Diante da situação absolutamente desesperadora do promotor, só consegui formular duas perguntas: “E o que você vai falar para o público que daqui a pouco começa a chegar? E à Bad Boy, que patrocinou o evento? ”.

Foi quando ele respondeu com a maior tranquilidade do mundo: “Mas o torneio vai ocorrer, só que com quatro lutadores”.

Diante de toda aquela certeza, emendei a fatídica pergunta: “Mas como você vai arrumar um quarto lutador tão em cima da hora? ”. Naquele momento, vinha passando um rapaz com um carrinho de mão cheio de cocos. Feitosa não pensou duas vezes: “Ô, nego do couro duro, você quer ganhar aquela moto que está ali em cima?”. De pronto o “coqueiro” respondeu cheio de atitude: “Quantos eu tenho que quebrar para ganhar ela? ”.

Quando Evilázio levantou dois dedos de sua mão direita, Edson Tigre (1,84m/118kg) aceitou na hora, sem saber que acabara de salvar o evento e não ganharia 1 real por isso.  E pior que o Coqueiro não decepcionou, mesmo sendo totalmente leigo, usou sua vantagem de peso para dar trabalho a Luís Alberto, o “Leão da Paraíba” (1,80m/93kg). O faixa-roxa precisou de quase 10 minutos para finalizar o novato. “Eita nego do couro duro, quase quebrei minha mão de tanto dar nele. Isso treinado vai ser ruim de aturar”, reconheceu Luís, que saiu da luta esgotado e acabou sendo presa fácil na final para Assuério Silva (1,85m/101kg), que havia nocauteado rápido em sua primeira luta o representante da Luta-Livre Leopoldo Serão (1,82m/83kg). 

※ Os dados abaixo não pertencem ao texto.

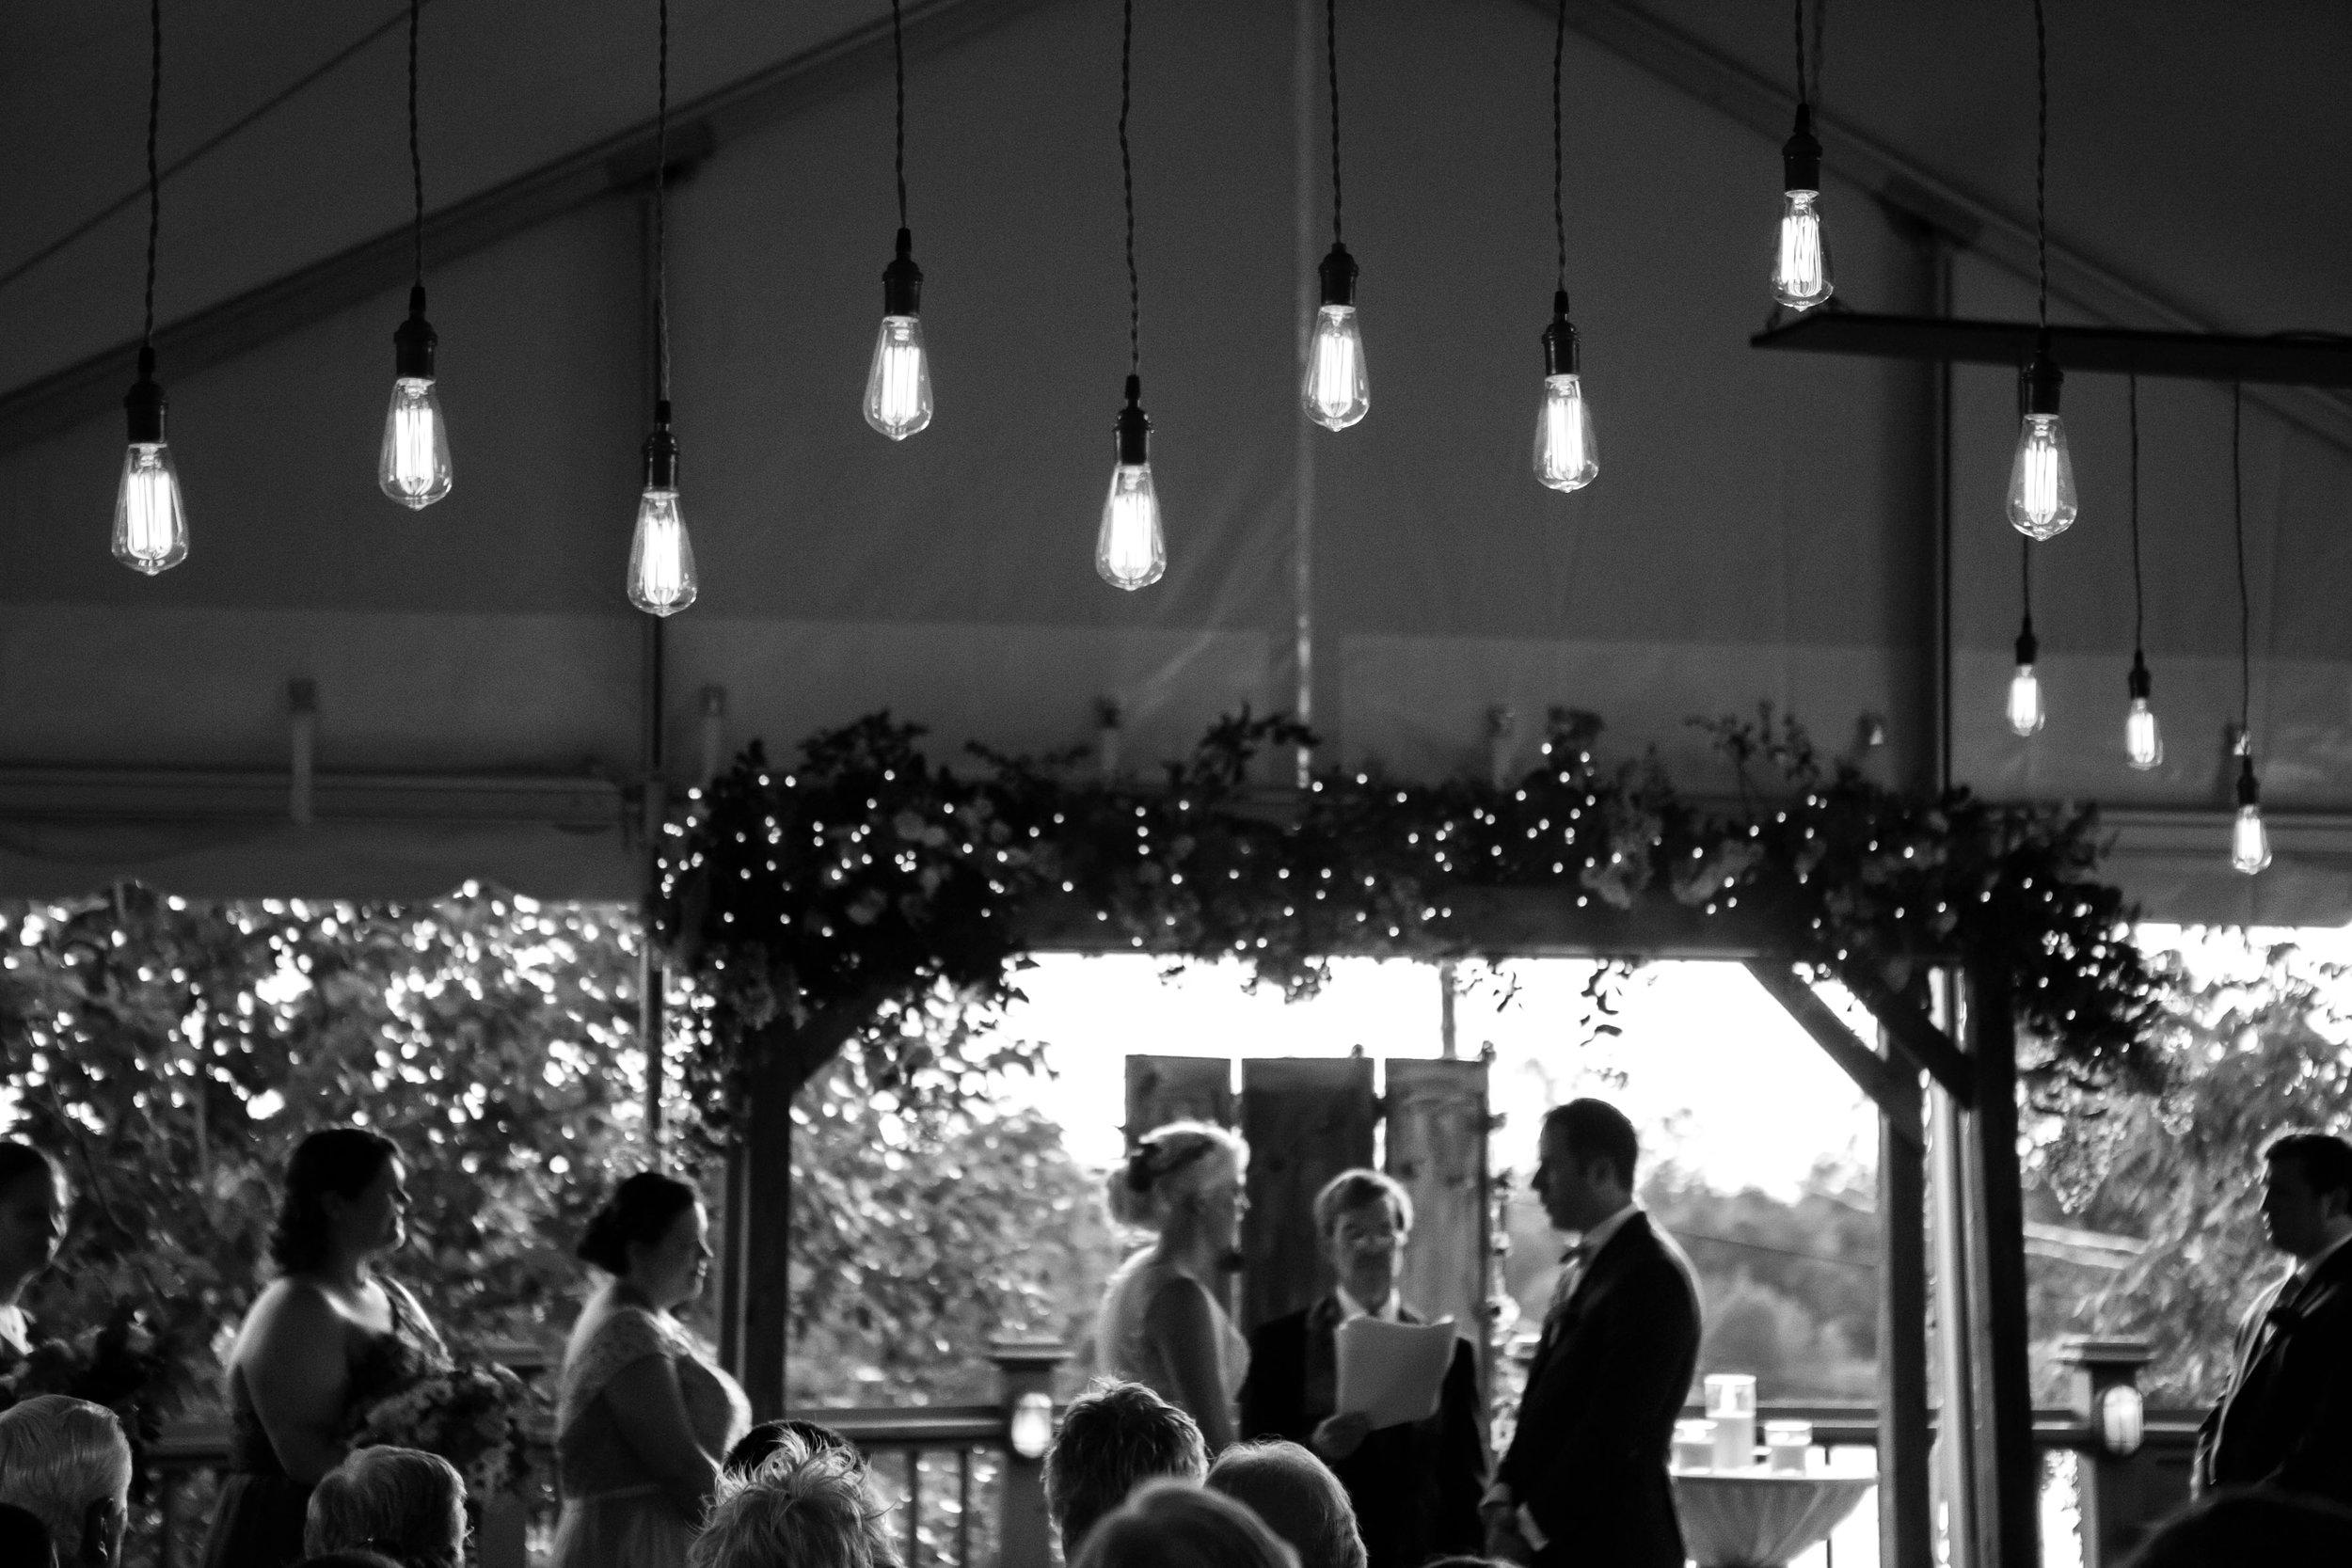 128-South-Wedding-Wilmington-NC-Photographer-Ceremony-014.1.jpg

Na grande final  “Demônio Nordestino” só precisou de 6 minutos para obrigar o paraibano a desistir, após aplicar um knock down, definindo a luta com chutes e socos e faturando a moto. O curioso desta história é que, depois de descobrir sua vocação para a luta, Edson Tigre abandonou o carrinho de cocos e passou a ser um dos pesos pesados mais requisitados do circuito nordestino de Vale-Tudo.

RUPTURA DE JANGULAR

Campeão do torneio, após vencer duas lutas numa noite e ganhar como prêmio uma moto 125 cc, Assuério Silva, cheio de contas para pagar e sem querer vender a moto, decidiu chorar um acréscimo na bolsa para o promotor. “Poxa, Evilázio, salvei seu evento… Imagina o  mico que não seria, depois de toda publicidade que você fez na região, se não tivesse torneio”, argumentou o campeão.

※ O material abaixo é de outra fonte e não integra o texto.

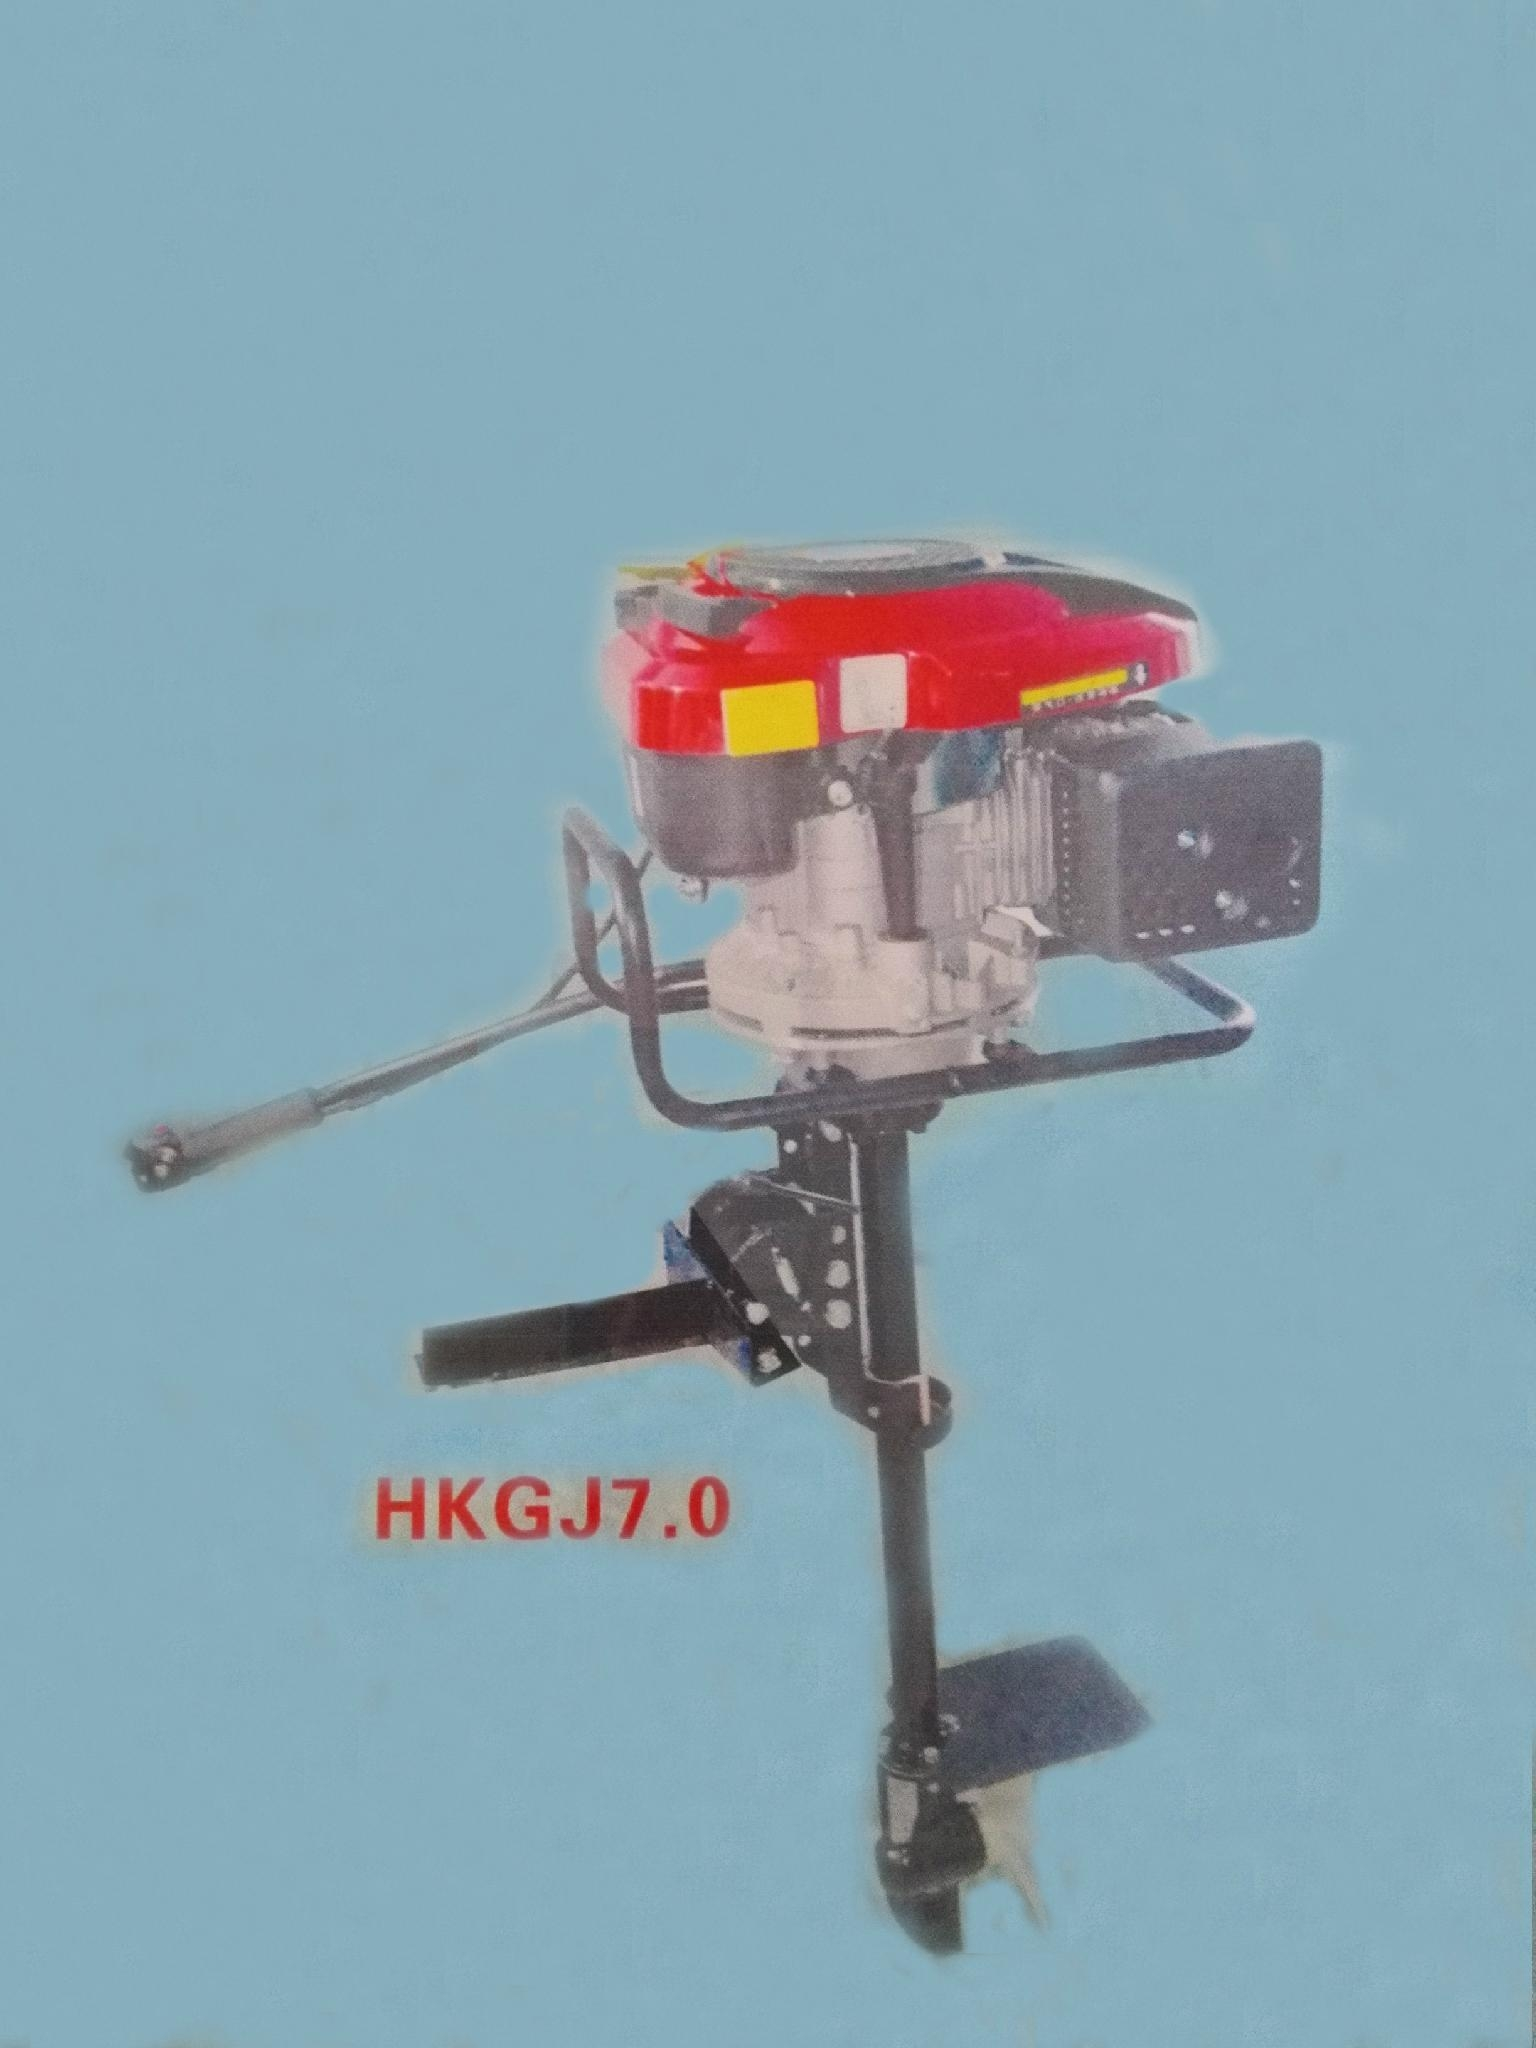 Electric Gasoline Outboard Motor Hkgj6 0 Petros

Mas Evilázio era duro na queda. “Está complicado, campeão. Essa moto foi bem cara. Pensa bem, qual evento aqui do Nordeste dá uma moto zerinho como esta?”. Quando percebeu que não arrancaria nada do promotor, Assuério resolveu apelar, e mostrando seu dente canino, que perfurara o lábio inferior como um piercing, tentou a última cartada. “Dá uma força aí. Ainda vou ter despesas com hospital. Olha aqui, o dente perfurou minha ‘jangular’”, disse o campeão, sem imaginar que a veia jugular estava localizada alguns bons centímetros abaixo do lábio, mais especificamente em seu pescoço.

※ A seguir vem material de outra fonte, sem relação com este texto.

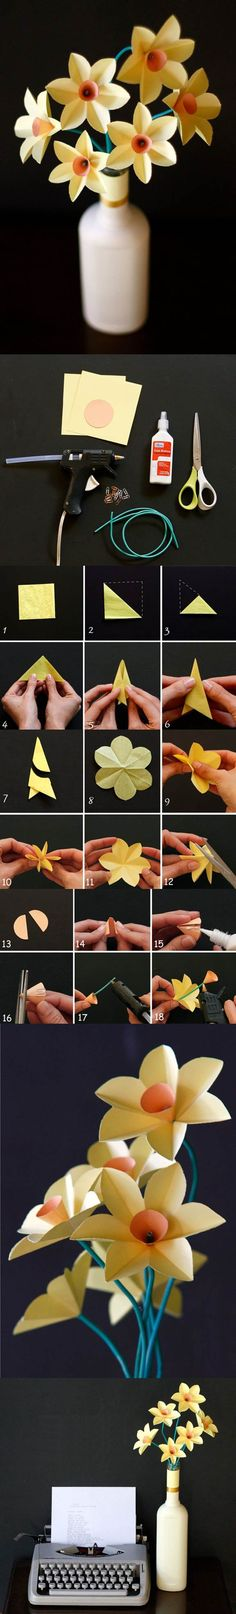 DIY Easy Paper Daffodils   iCreativeIdeas.com LIKE Us on Facebook ==> https://www.facebook.com/icreativeideas

Sem querer, eu acabaria dando aquele empurrão de que o Assuério precisava. No final de semana seguinte, fui a Curitiba e comentei com Rudimar Fedrigo, líder da Chute Boxe, sobre o talentoso “Demônio Nordestino”. Carente de um peso-pesado em sua equipe, Rudimar o convidou para lutar no Meca 2. A atuação de Assuério, finalizando rapidamente Rodrigo da Silva, lhe valeu um convite para treinar na maior equipe de MMA da época. 

Como principal peso-pesado da equipe curitibana Chute Boxe, Assuério não tardou a chegar no maior evento do mundo, o Pride, Onde, não só passou a representar a maior potência do Vale-Tudo na época, junto com Wanderlei, Pelé, Ninja e Anderson, como acabou sendo pivô da briga que iniciou a rivalidade com a equipe arquirrival carioca, a Brazilian Top Team, naquele famoso episódio da discussão entre Arona e Wanderlei no café da manhã do Tokyo Hilton. Mas esta a gente relembra num outro dia.